1. Mapping Principles and Pipeline Architecture
The MIMIC-IV-on-FHIR mapping pipeline is a semi-automated process executed in sequential stages: data processing, context building, and targeted LLM prompting. Both baseline (schema-aware) and real-world (minimal context) scenarios are supported.
- Data Processing: In the baseline, 17 MIMIC-IV tables (183 attributes) are filtered to 119 candidate attributes.
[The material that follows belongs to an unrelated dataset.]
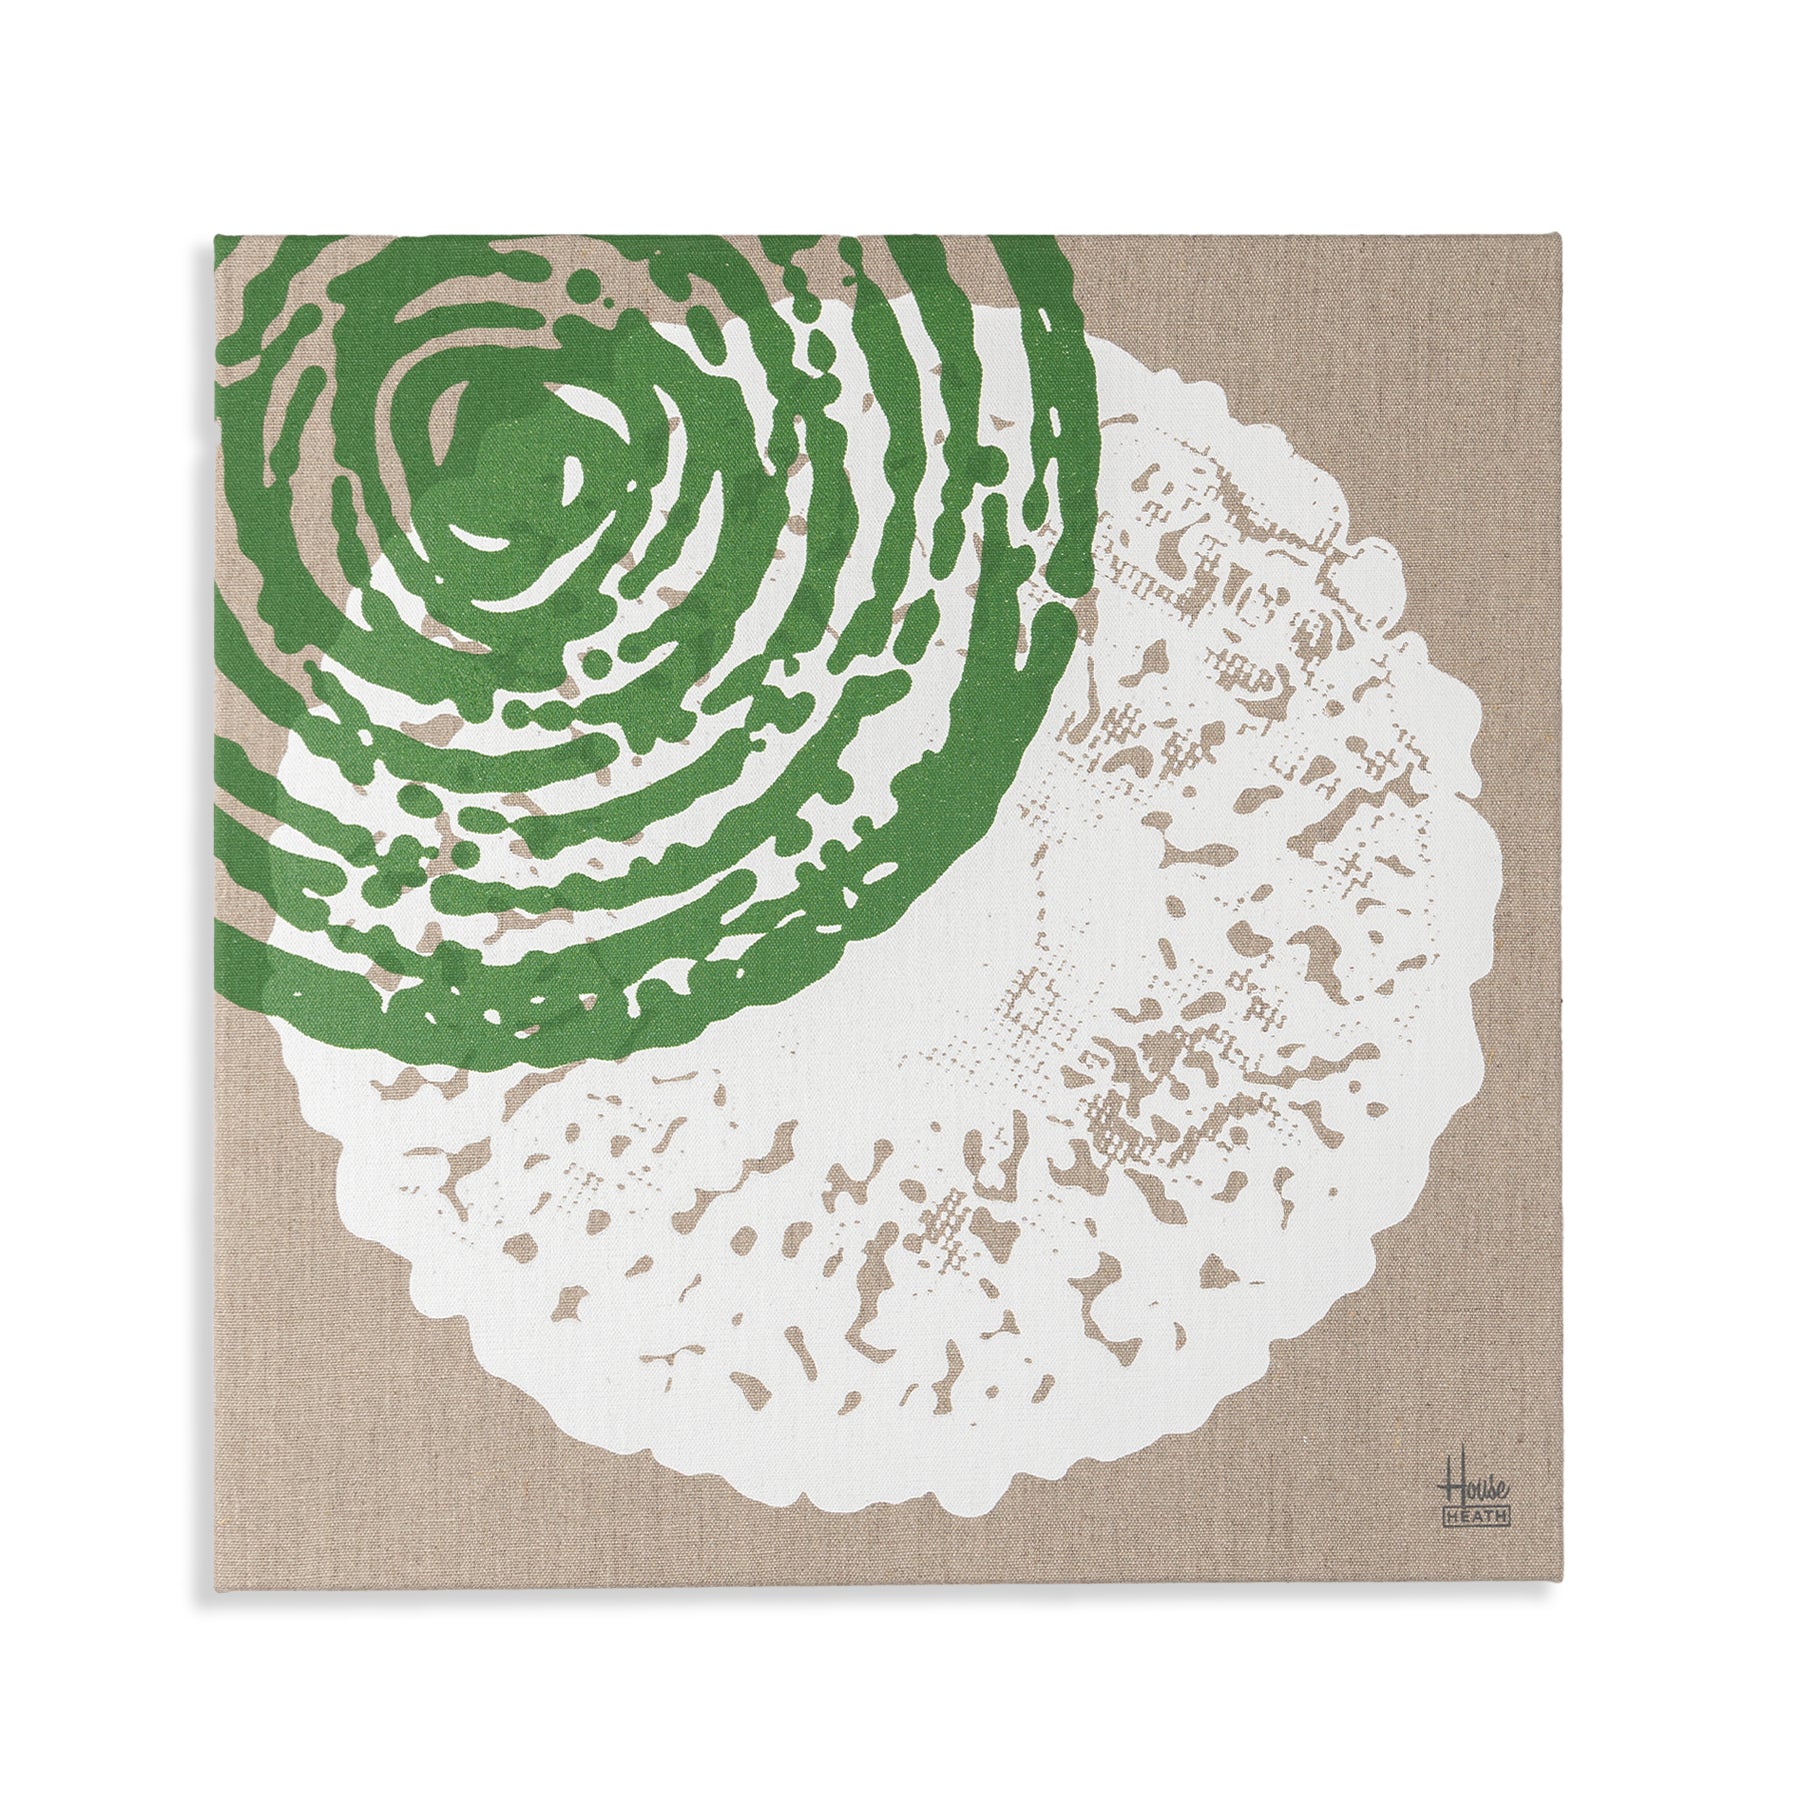 Vintage Tile Stretched Canvas Print in Evergreen and White Zoom Image 1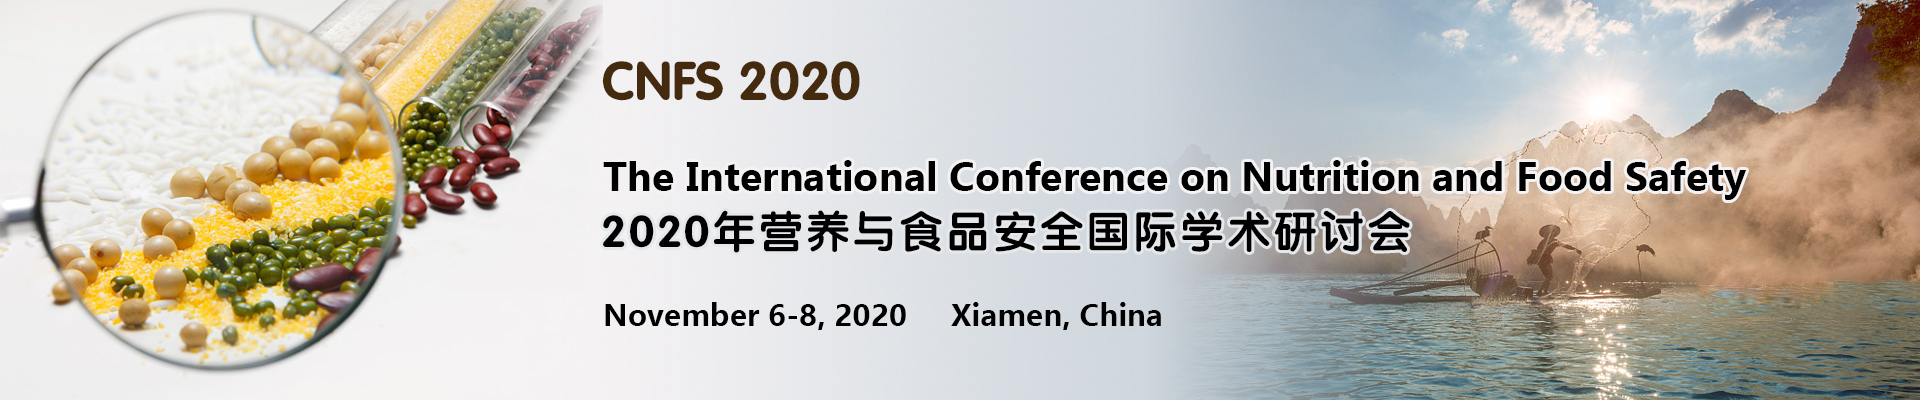 International Conference on Nutrition and Food Safety (CNFS 2020), Xiamen, Fujian, China

In the real-world configuration, a single table contains 68 unconstrained attributes with only basic metadata.
- Context Building:
- Retrieval-Augmented Generation (RAG) combines embeddings from TF-IDF, BM25, Universal Sentence Encoder, and Word2Vec for semantic similarity between MIMIC-IV and 45 official FHIR resources.
- Cosine similarity and Reciprocal Rank Fusion prioritize resource selection: top-1 FHIR resource assignment achieves 100% accuracy in the baseline.
- Unsupervised clustering (KMeans, Silhouette/Calinski-Harabasz/Davies-Bouldin) with biomedical embeddings (PubMedBERT, MedEmbed-v0.1, ClinicalBERT, BioBERT) is applied for real-world attribute grouping; top-5 resource recall is 94%.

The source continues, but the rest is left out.